The ADHD component, and it is, in Reggie's case, present, because these things tend to travel together in what clinicians call comorbidity and what Reggie calls "the full stack", adds a particular texture. His attention is not deficient. It is selective in ways that do not align with what open-plan offices were designed to accommodate. Give him a spreadsheet with anomalous digit distributions and he will not surface for four hours. Ask him to sit in a project update meeting where someone is reading slides aloud that everyone in the room has already read, and his nervous system will begin generating a low-level distress signal that he has learned, over time, to manage by writing chi-squared test variations in the margins of his notepad. The dopamine system in ADHD brains is not absent. It is calibrated differently: spiking hard on novelty, pattern resolution, and the specific satisfaction of finding the thing that was hidden. Flat-lining on administrative process and small talk about the weekend.

This is not laziness. This is neuroscience. Russell Barkley has been saying this since the nineties. It does not stop people from writing "could engage more proactively in team meetings" on performance reviews.


"Do you find it difficult," Dr. Osei asked, toward the end of the session, "when people don't respond the way you expect?"

Reggie was quiet for a moment. Outside, London was doing what London does, which is to produce an unrelenting stream of noise and signal that most people filter unconsciously and that Reggie filters manually, at cost.

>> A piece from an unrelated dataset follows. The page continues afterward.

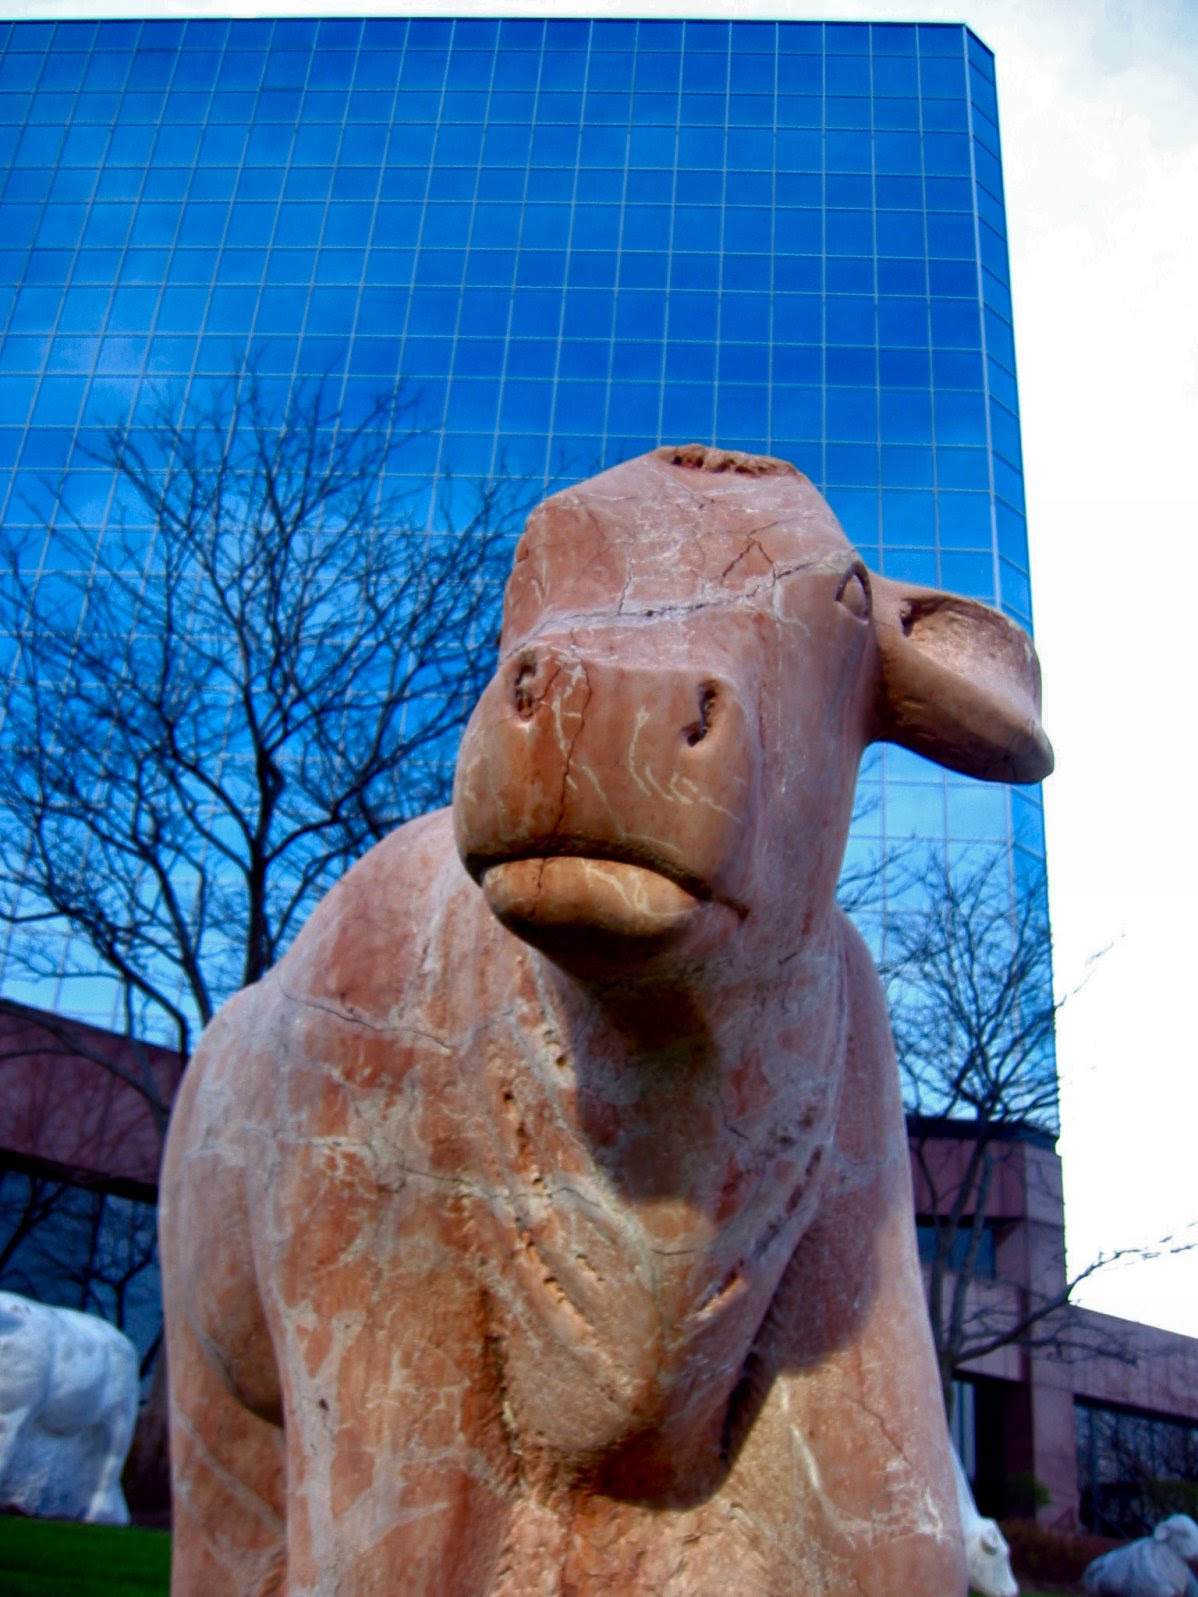 soul-amp cow statue pics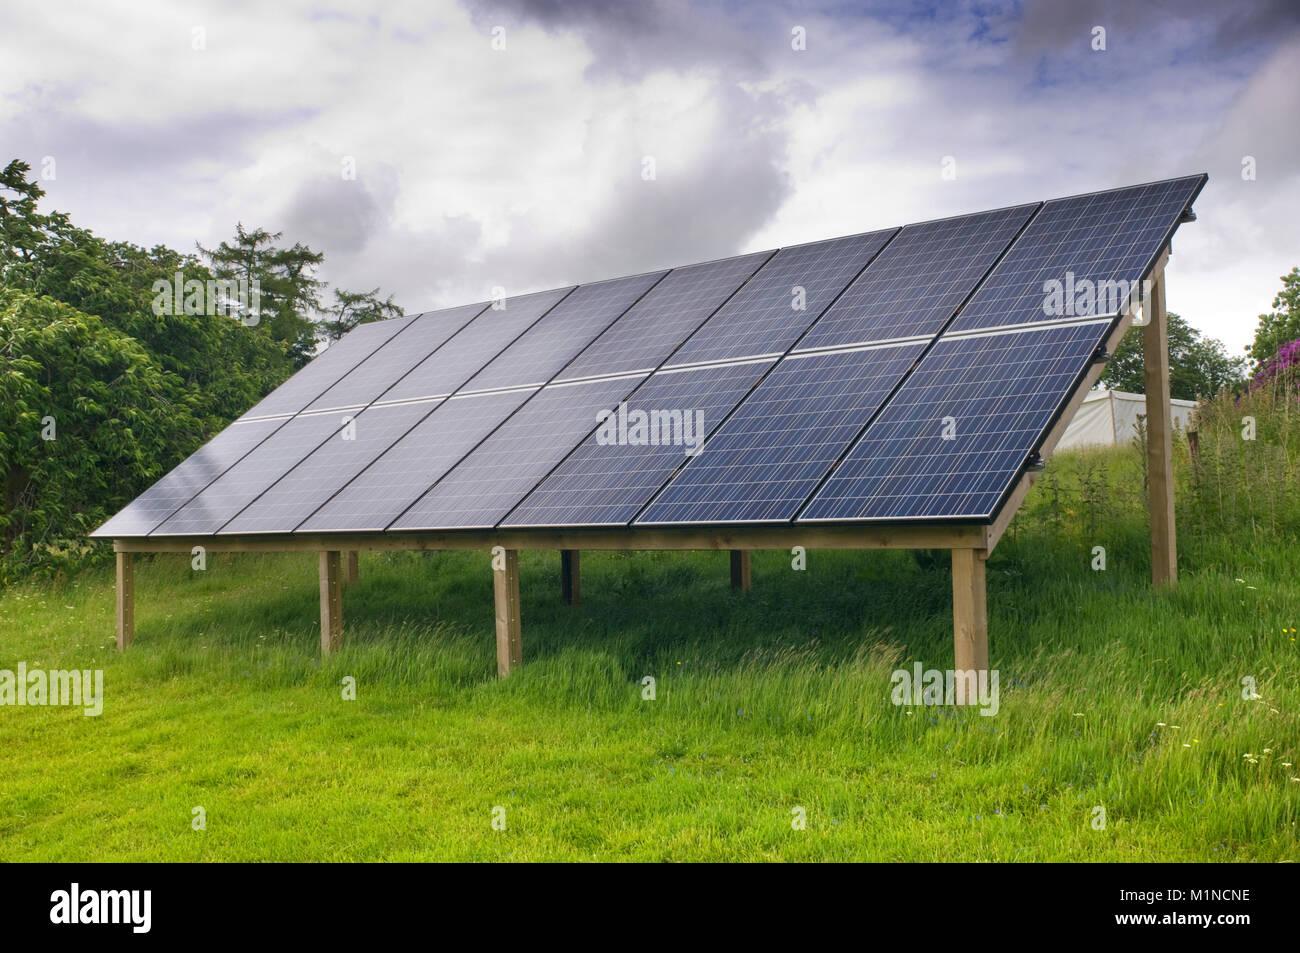 Conjunto de pequeños paneles solares - John Gollop Imagen De Stock

"I don't always know what to expect," he said, finally. "With people. The variables are not documented. There's no schema. You can't run a query." He paused. "Data doesn't lie to you. Data doesn't get offended. Data doesn't say it's fine when it isn't fine and then bring it up six weeks later in a completely unrelated context."

Dr. Osei found, to her mild surprise, that she did not have an immediate response to this.

"That sounds," she said, carefully, "quite lonely."

Reggie looked at the window. Somewhere beneath them, the city was generating approximately eighty million network flow records per day, each one a small truth, each one waiting for someone patient enough to look.

"It's fine," he said.

His pager went off.

He was already standing.


Dr. Osei has noted that Reggie attended the session, engaged substantively, and demonstrated considerable self-awareness. She has recommended a follow-up. Reggie has it in his calendar. Whether he will remember that calendars require attendance as well as entries is, at this stage, a known unknown.

The shortbread in the waiting room was from Marks & Spencer. Reggie rated it a 6.4 out of 10. He has a spreadsheet.

References

Baron-Cohen, S. (2020) The Pattern Seekers: How Autism Drives Human Invention. New York: Basic Books.

Barkley, R.A. (1997a) ADHD and the Nature of Self-Control. New York: Guilford Press.